─── Input for this task ───
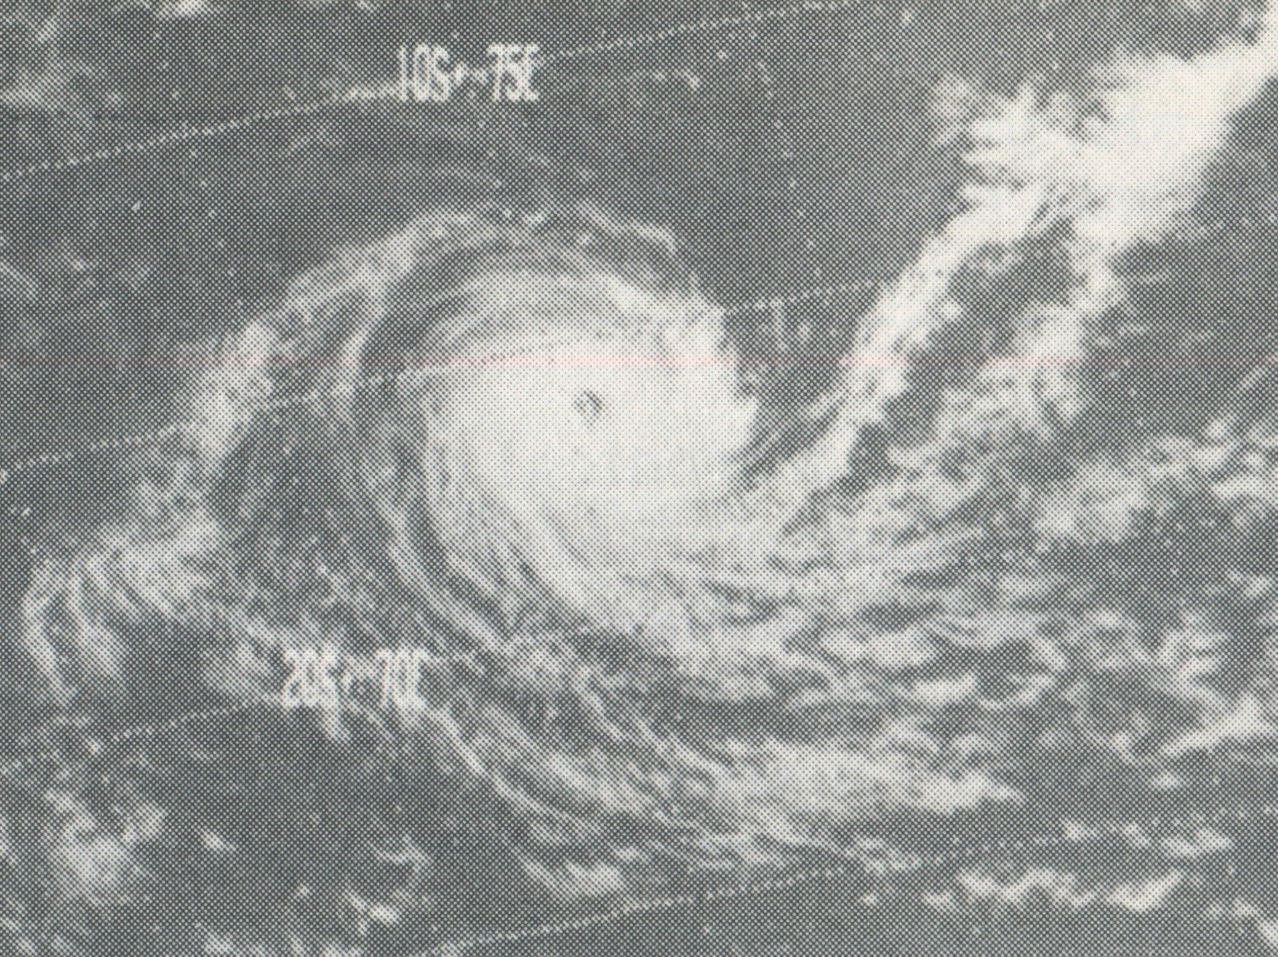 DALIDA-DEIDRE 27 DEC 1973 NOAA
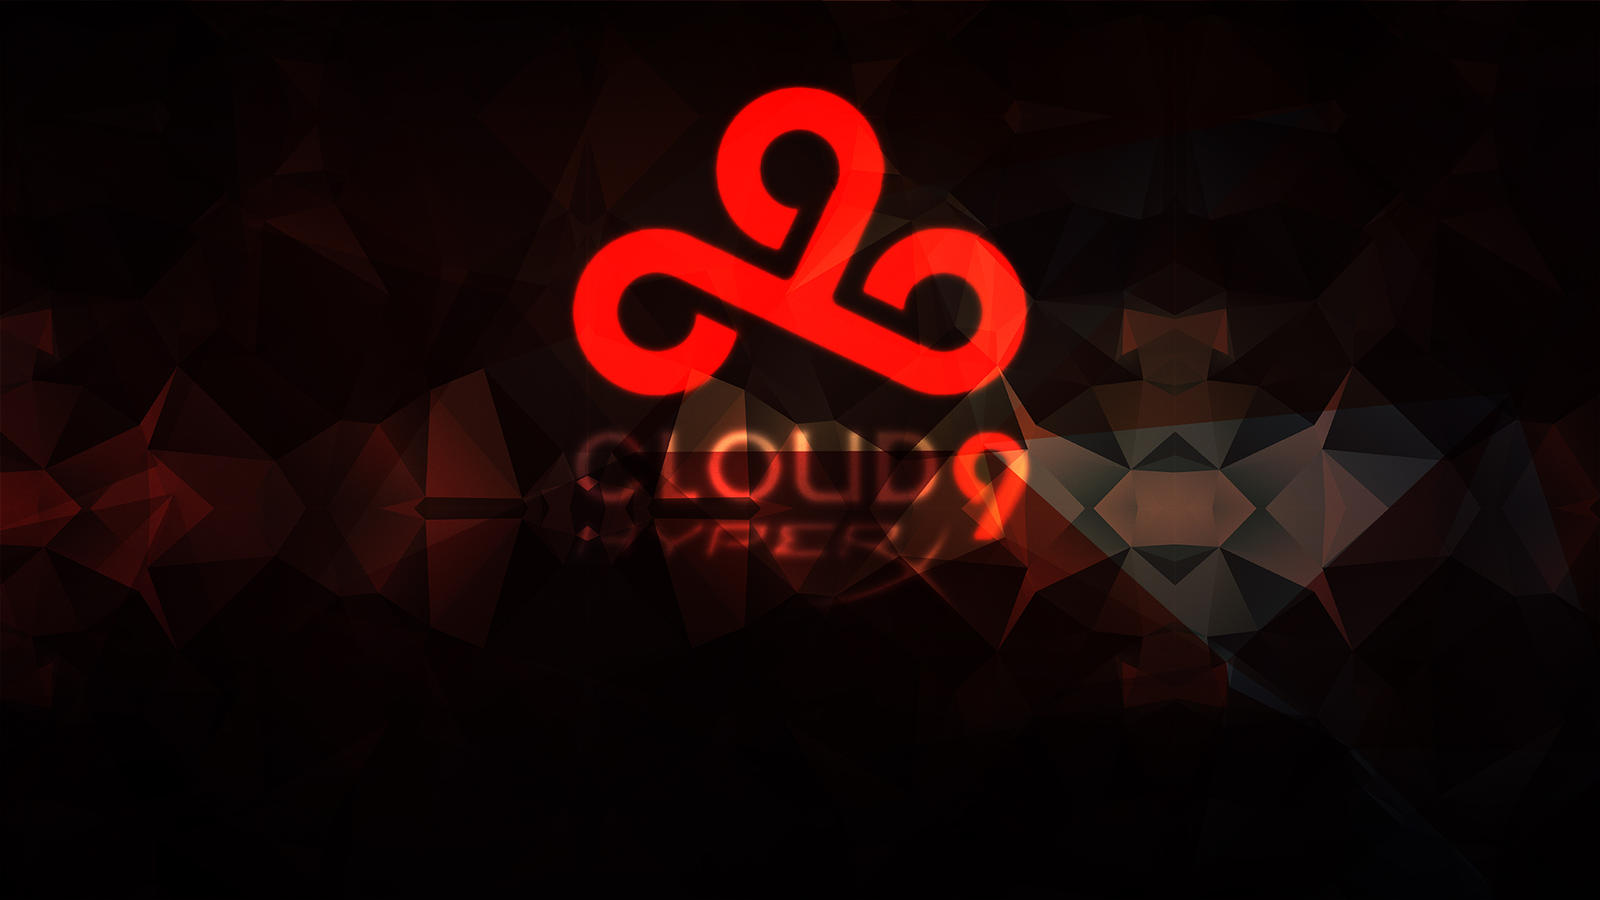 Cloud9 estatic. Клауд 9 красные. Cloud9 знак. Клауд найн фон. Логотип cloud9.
───
─── Input for this task ───
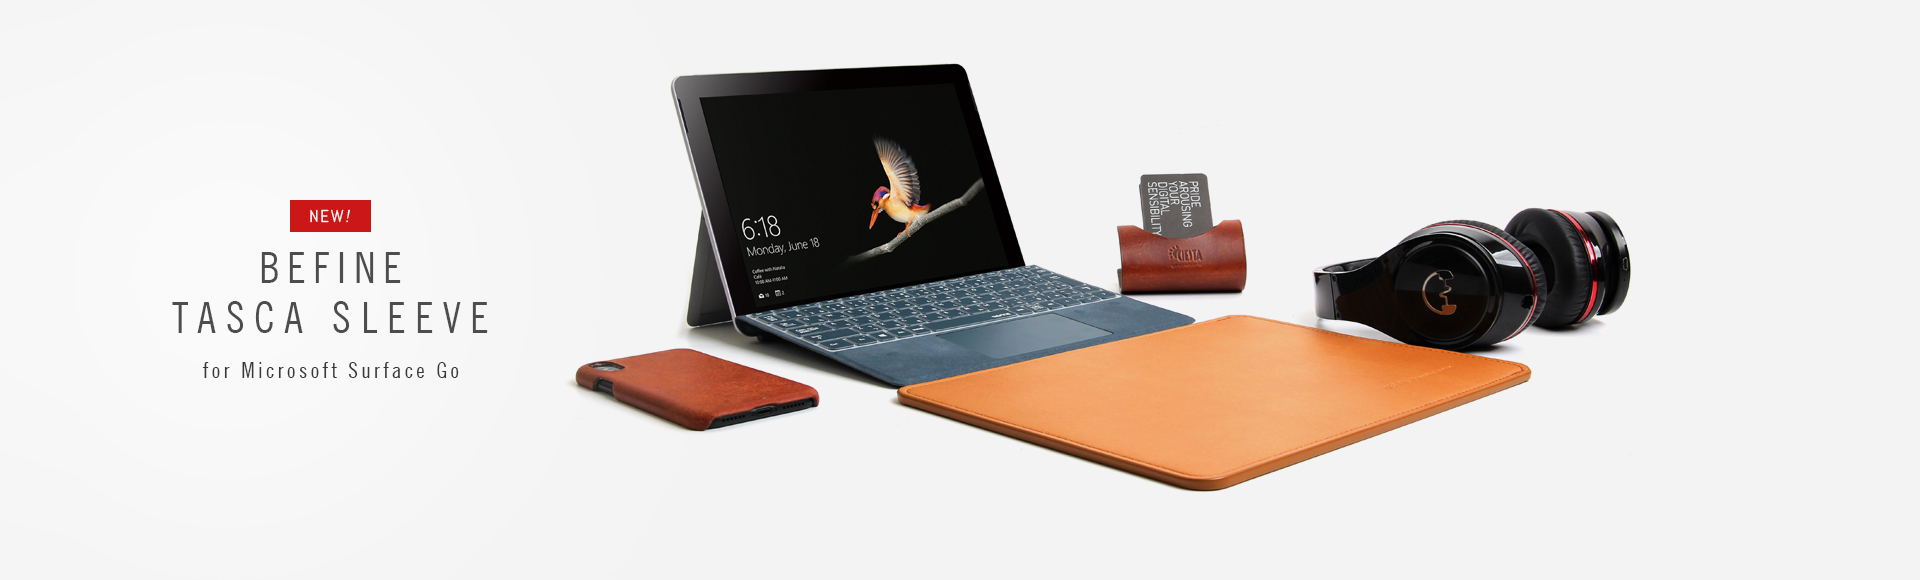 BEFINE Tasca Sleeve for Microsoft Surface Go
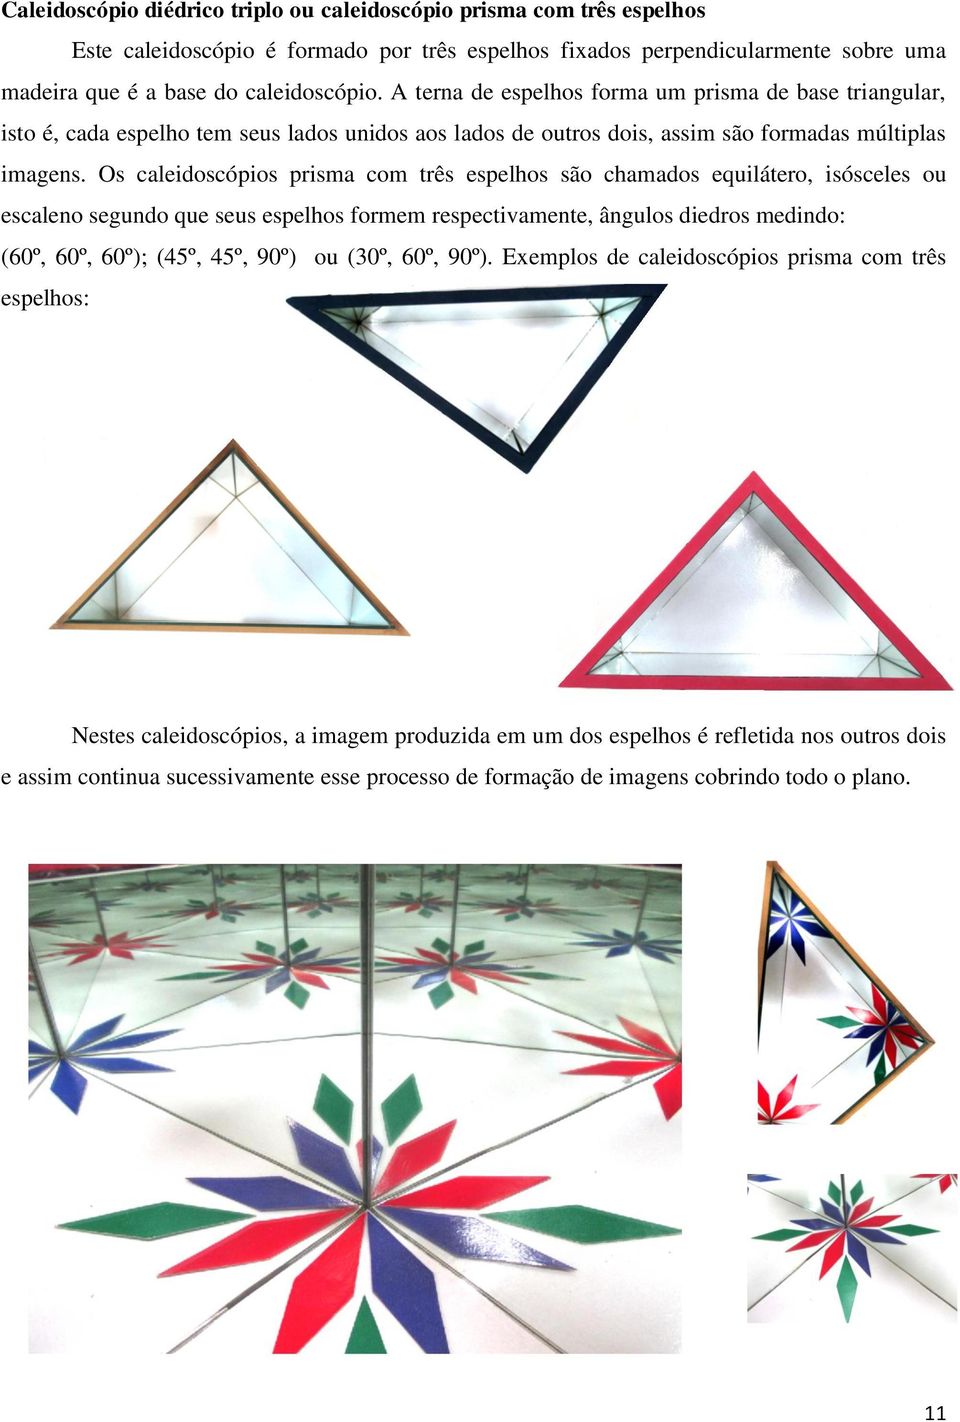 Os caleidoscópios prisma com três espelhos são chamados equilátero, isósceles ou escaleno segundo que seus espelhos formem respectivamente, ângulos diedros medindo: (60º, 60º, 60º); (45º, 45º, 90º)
───
─── Input for this task ───
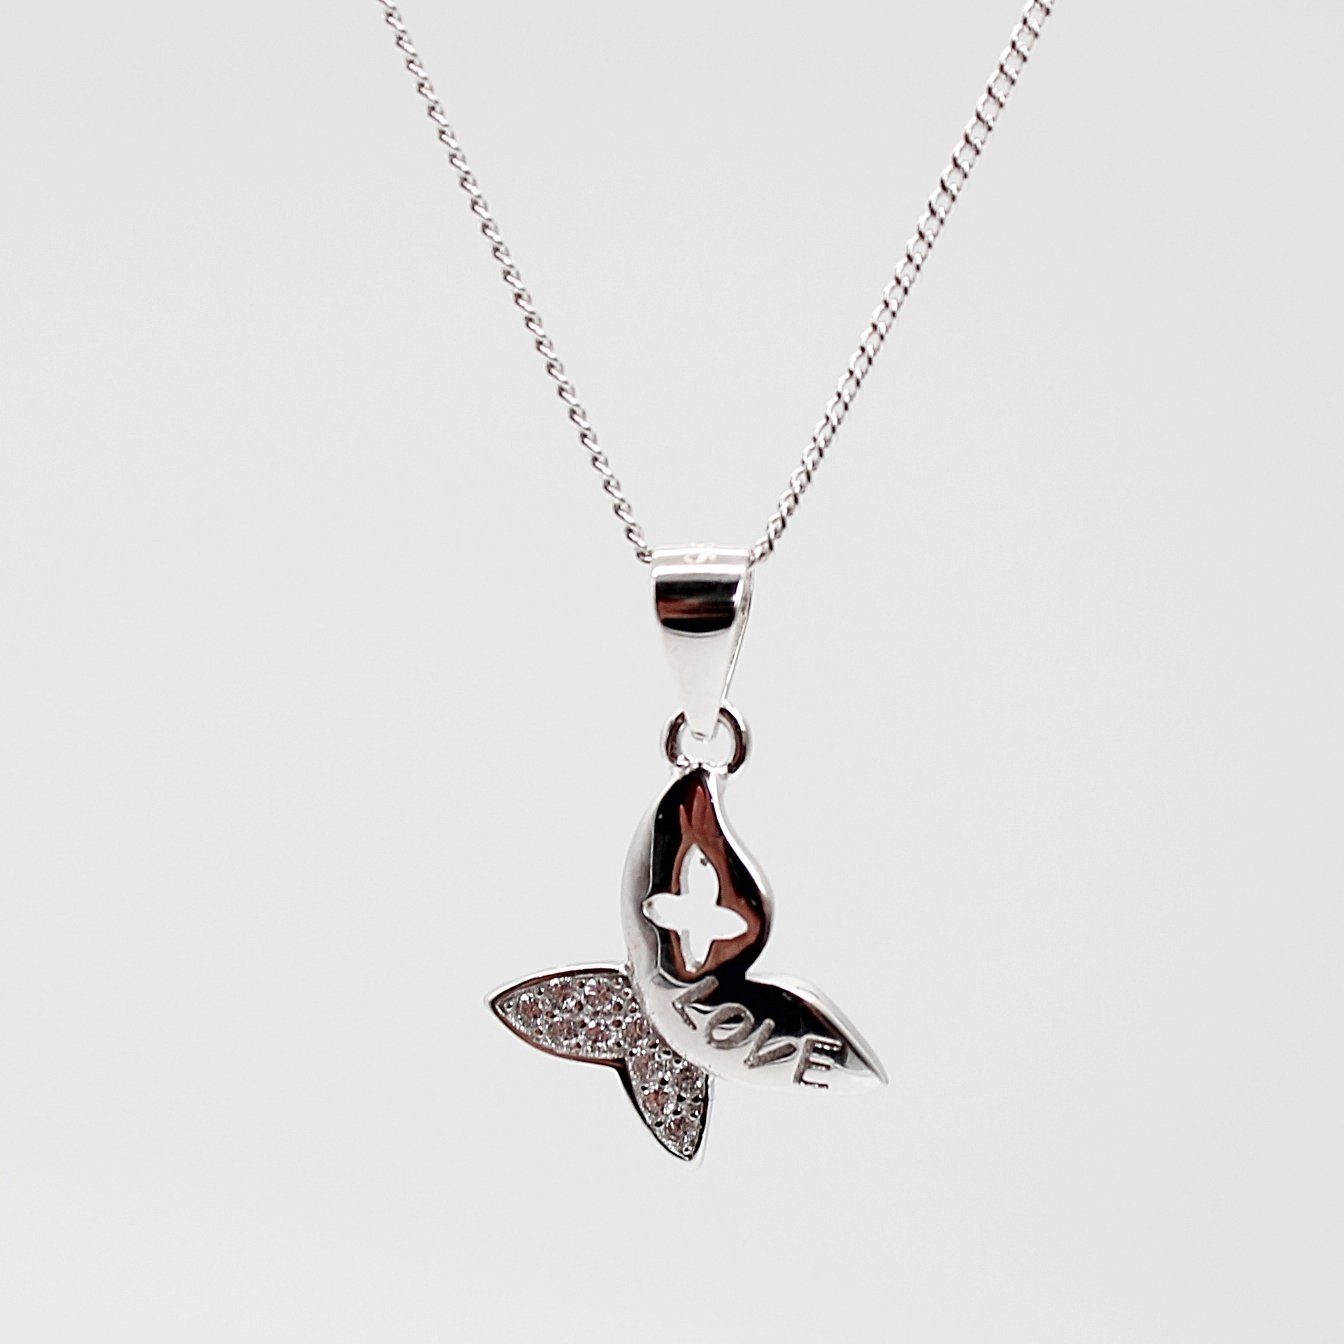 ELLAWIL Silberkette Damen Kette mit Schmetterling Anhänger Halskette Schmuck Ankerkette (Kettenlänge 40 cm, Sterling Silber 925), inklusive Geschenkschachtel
───
### What is being asked
Using the entries above, extract exactly the lines from the one that contains "BEFINE Tasca Sleeve for Microsoft Surface Go" through the one that contains "Os caleidoscópios prisma". Do not carry over any pictures.

### Written solution
 BEFINE Tasca Sleeve for Microsoft Surface Go
 Os caleidoscópios prisma com três espelhos são chamados equilátero, isósceles ou escaleno segundo que seus espelhos formem respectivamente, ângulos diedros medindo: (60º, 60º, 60º); (45º, 45º, 90º)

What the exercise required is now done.